Last edited by suthie on Mon Jun 11, 2007 5:10 pm, edited 1 time in total.
arukomp
Forum Contributor
Posts: 113
Joined: Sun Sep 24, 2006 4:22 am

Post by arukomp »

Try removing @ and see if script generates any errors. You should enable all error reporting when debugging a script.

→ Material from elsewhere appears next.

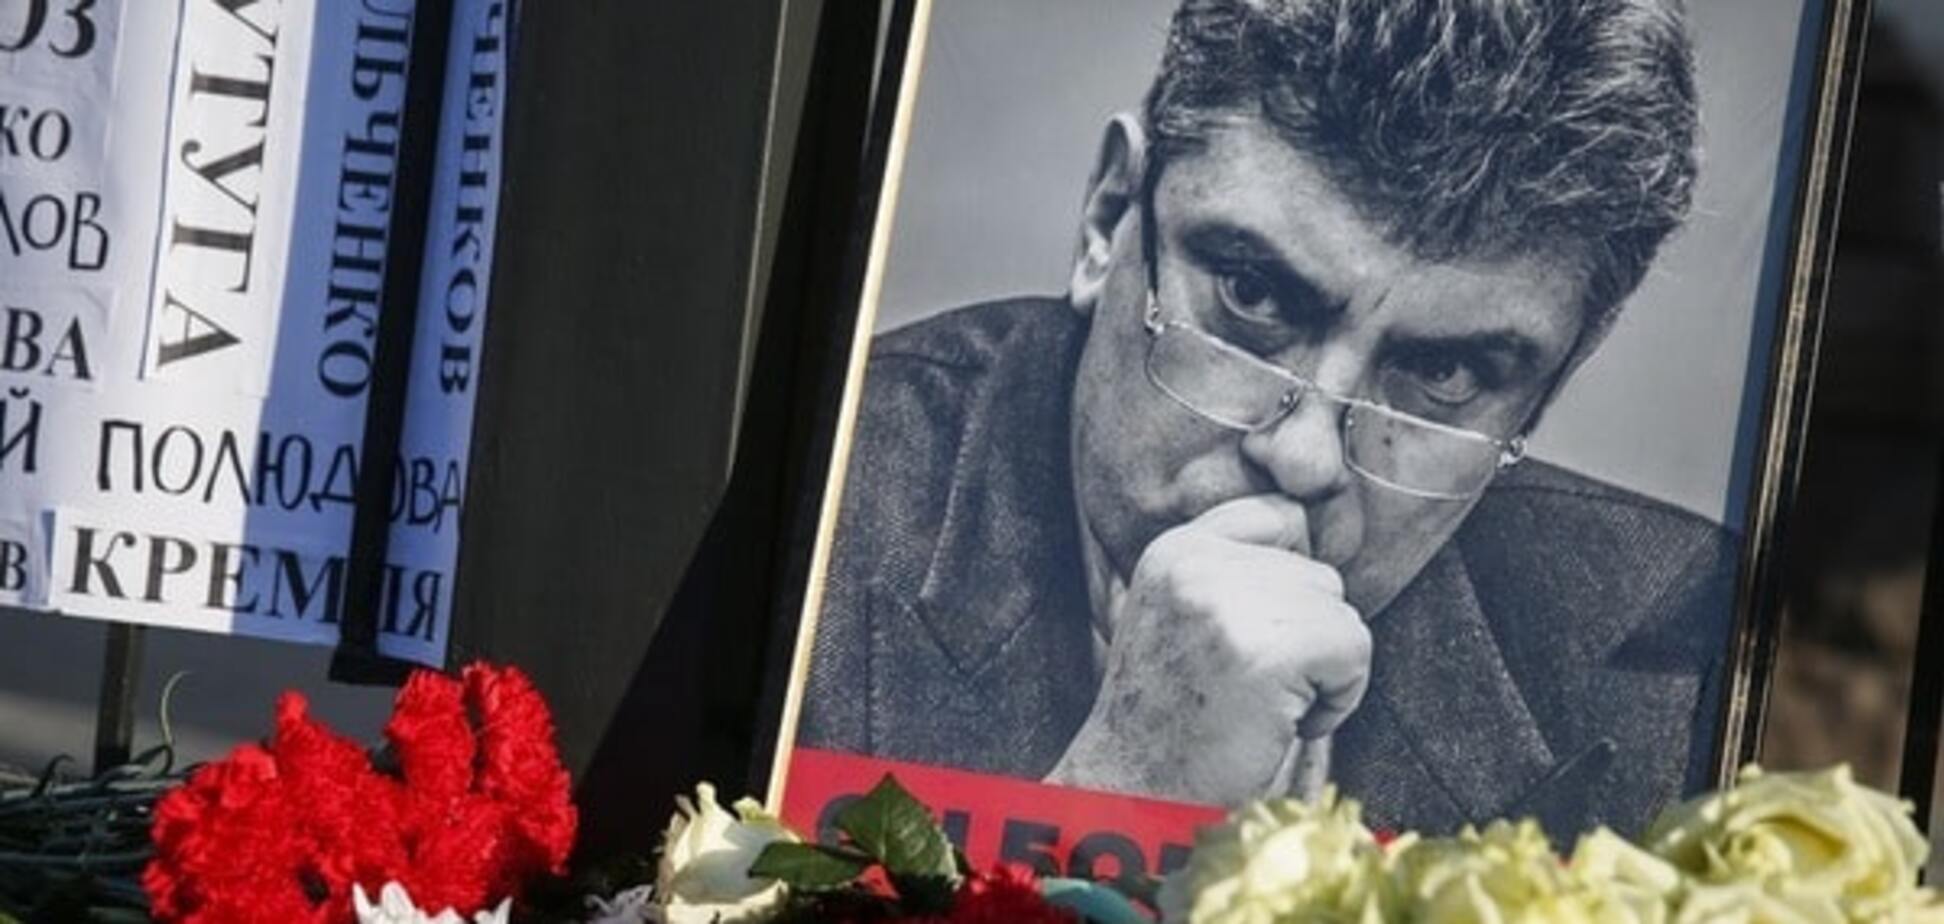 Найти и наказать: послы стран ЕС призвали привлечь к ответственности убийц Немцова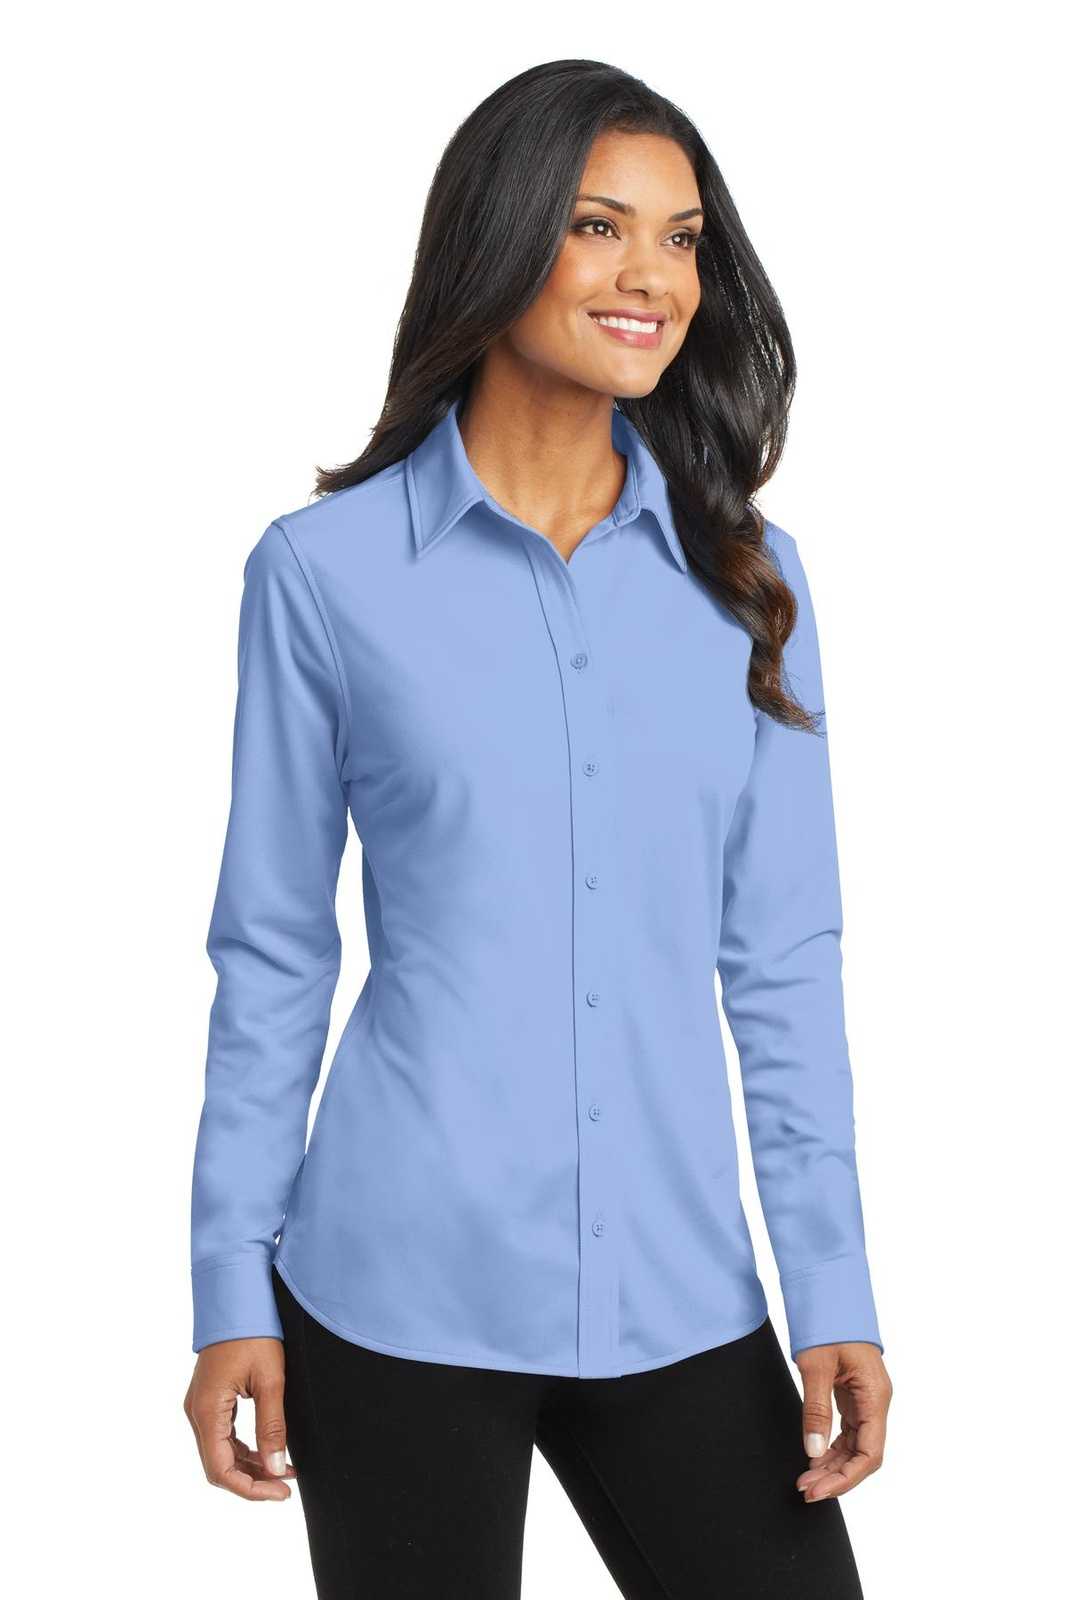 Port Authority L570 Ladies Dimension Knit Dress Shirt - Dress Shirt Blue - HIT a Double - 4

Also, you could use mysql_num_rows() function to see whenever there's registered user with the same username:

Code: Select all

$username = $_POST['username'];
$result = mysql_query("SELECT * FROM user WHERE username = '$username'");
if (mysql_num_rows($result) > 0) {
    // User with this username already exists
}
User avatar
feyd
Neighborhood Spidermoddy
Posts: 31559
Joined: Mon Mar 29, 2004 3:24 pm
Location: Bothell, Washington, USA

Post by feyd »

$username needs escaping, at least, too.
suthie
Forum Commoner
Posts: 68
Joined: Sat Jun 09, 2007 10:46 am

Post by suthie »

alright, now im using this:

Code: Select all

<?php

include 'error.php';
include 'dbconnect_silent.php';


$username = $_POST["username"];
$password = $_POST["password"];
$email = $_POST["email"];
$image = "";
$link1 = "";
$link2 = "";
$link3 = "";
$link4 = "";

if ($_POST['username']=='' or $_POST['password']==''
     or $_POST['email']=='') {
       error('One or more required fields were left blank.\\n'.
             'Please fill them in and try again.');
   }

   // Check for existing user with the new id
$result = mysql_query("SELECT * FROM user WHERE username = '$username'");
   if (!$result) {
       error('A database error occurred in processing your '.
             'submission.\\nIf this error persists, please '.
             'contact you@example.com.');
   }
   if (mysql_num_rows($result) != 0) {
       error('A user already exists with your chosen userid.\\n'.
             'Please try another.');
   }

//insert the values
$result= "INSERT INTO userdata (userid, username, password, email)".
   "VALUES ('NULL', '$username', '$password', '$email')";
if (mysql_query($result )){
echo "success in data entry!";
} else {
echo "could not insert data".mysql_error();
}
 
?>
problem solved!
User avatar
feyd
Neighborhood Spidermoddy
Posts: 31559
Joined: Mon Mar 29, 2004 3:24 pm
Location: Bothell, Washington, USA

Post by feyd »

Submission data isn't being escaped, ergo you are open to injection attacks. Be careful.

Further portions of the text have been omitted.